Transcribe the data exactly, omitting whatever pictures it holds.

START Data below

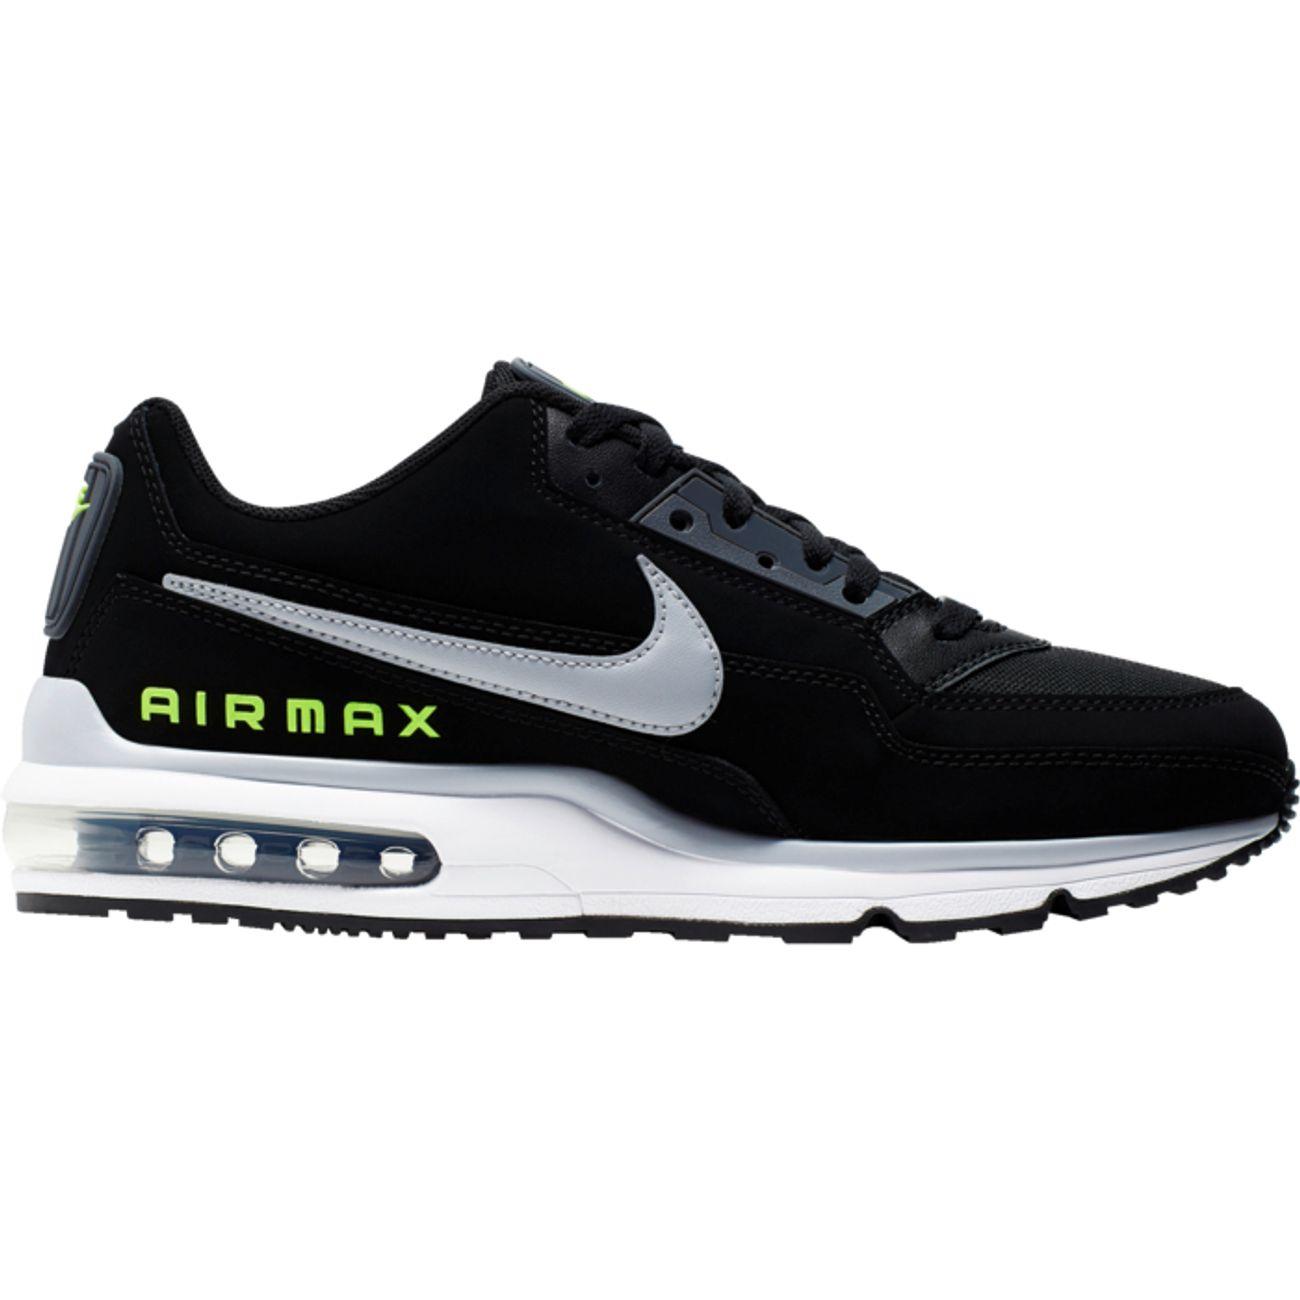 Max Homme 3 Chaussures Basses Air Nike Ltd PXiOZuk
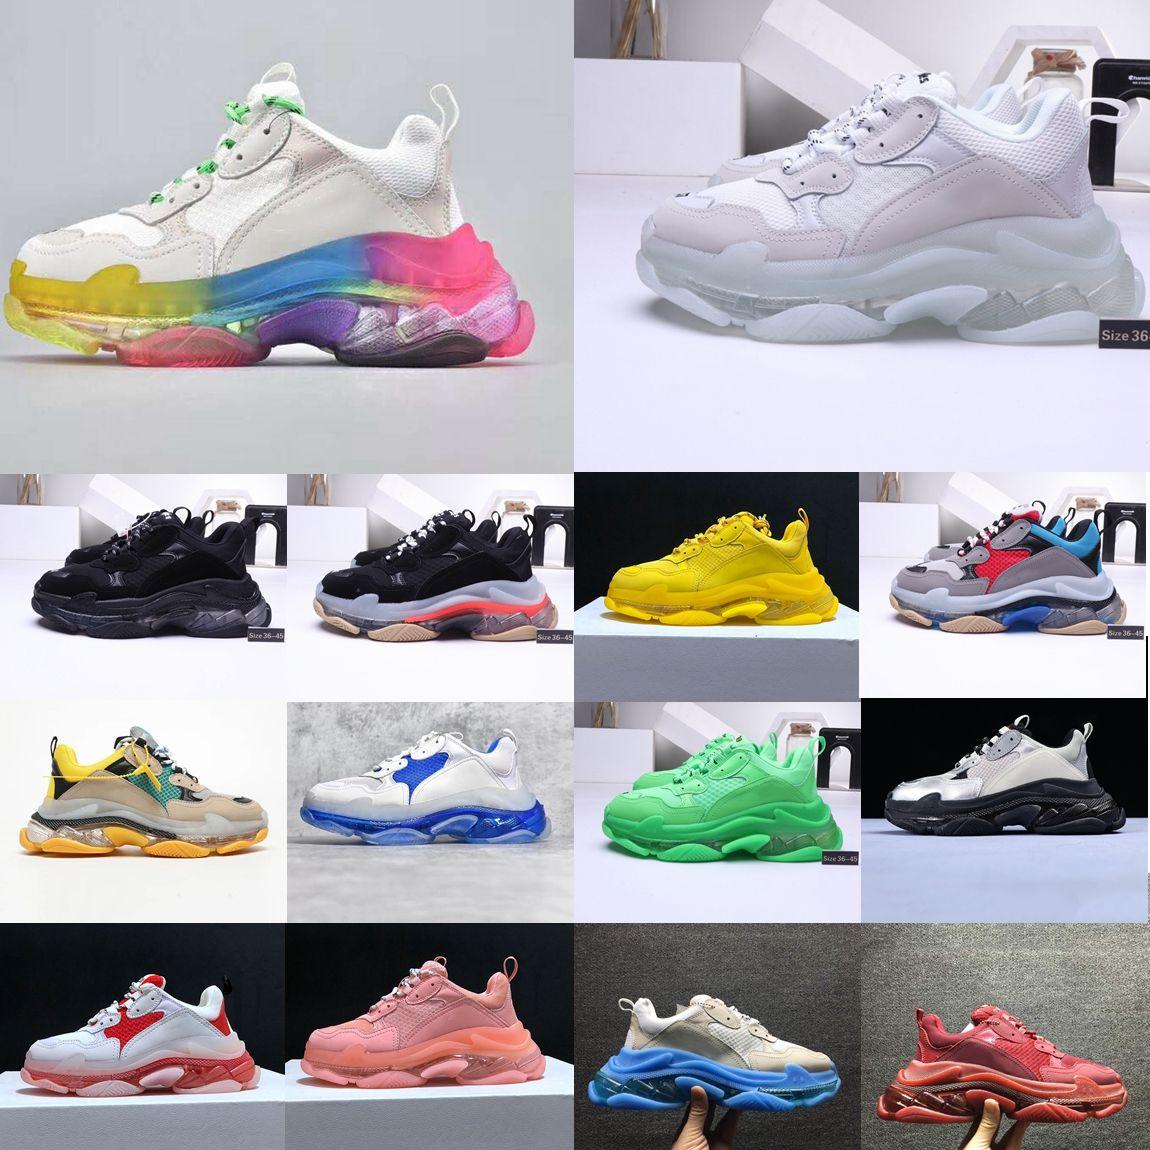 2020 Triple S Sneakers Green Crystal Cushion Bottom Men Women Triple-S Fashion Paris Kanye 17FW Dad Designer Trainers Shoes Size 36-45
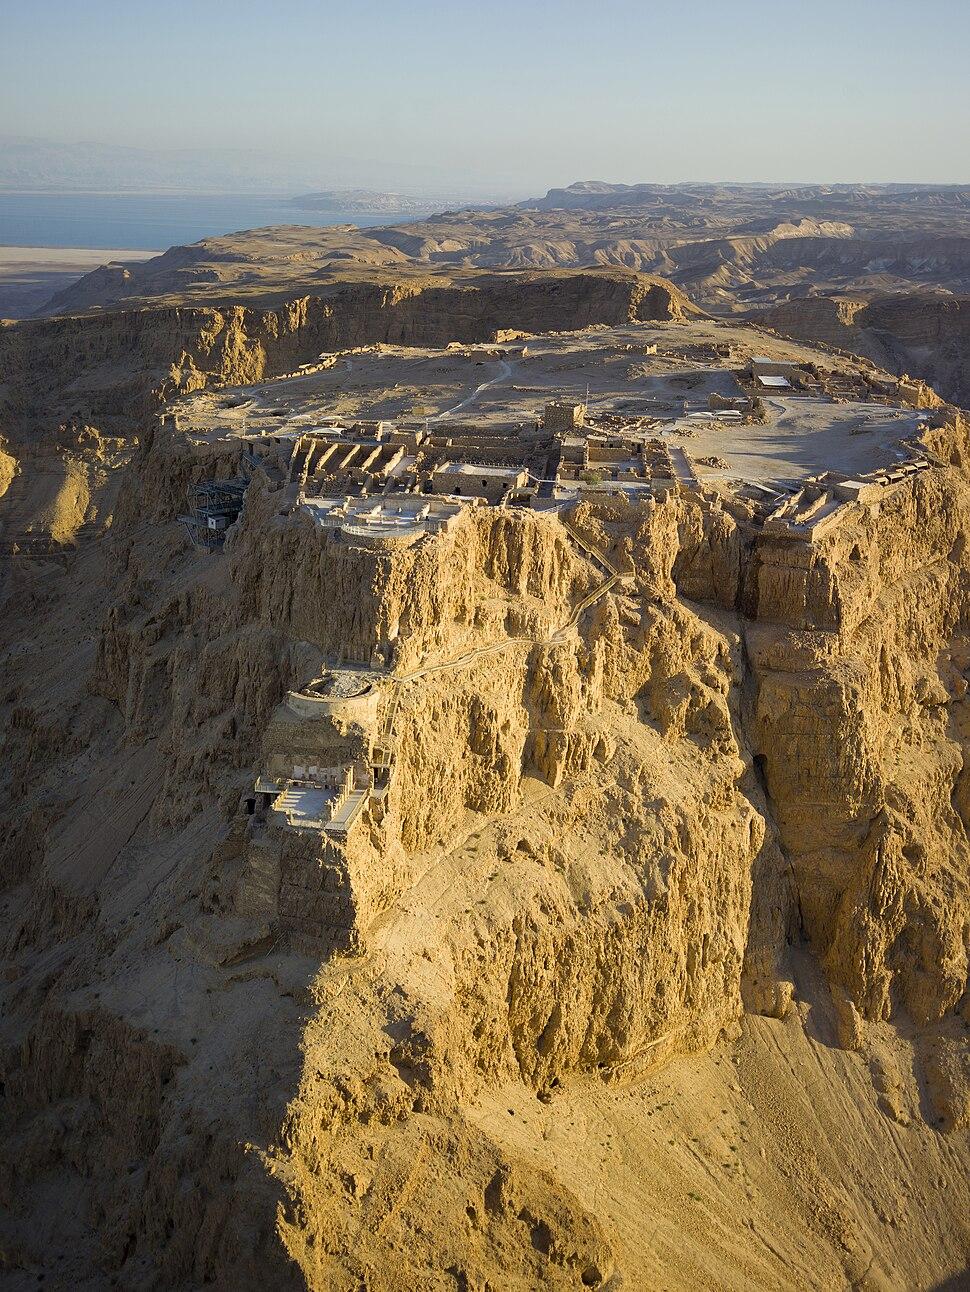 Israel-2013-Aerial 21-Masada
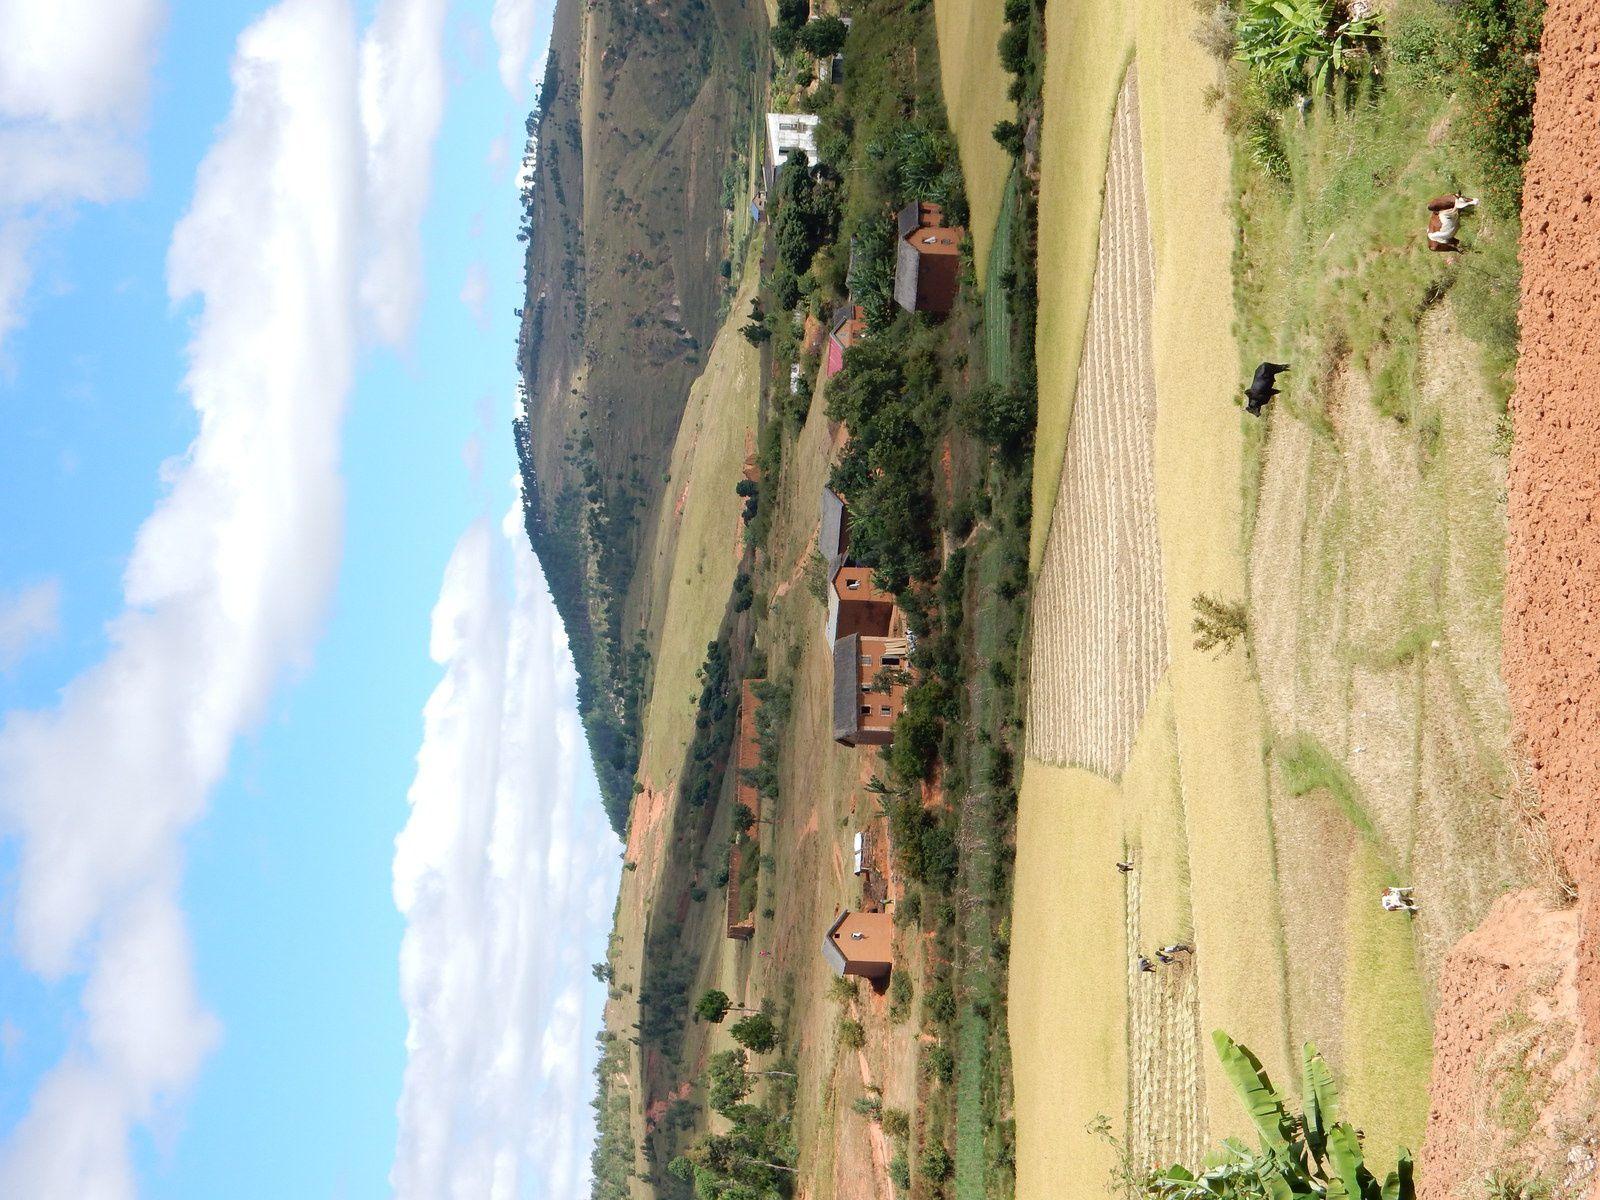 Colline royale d'Antanarivo, Madagascar - Avril 2016

END Data below

*Finished exercise*.
 Max Homme 3 Chaussures Basses Air Nike Ltd PXiOZuk
 2020 Triple S Sneakers Green Crystal Cushion Bottom Men Women Triple-S Fashion Paris Kanye 17FW Dad Designer Trainers Shoes Size 36-45
 Israel-2013-Aerial 21-Masada
 Colline royale d'Antanarivo, Madagascar - Avril 2016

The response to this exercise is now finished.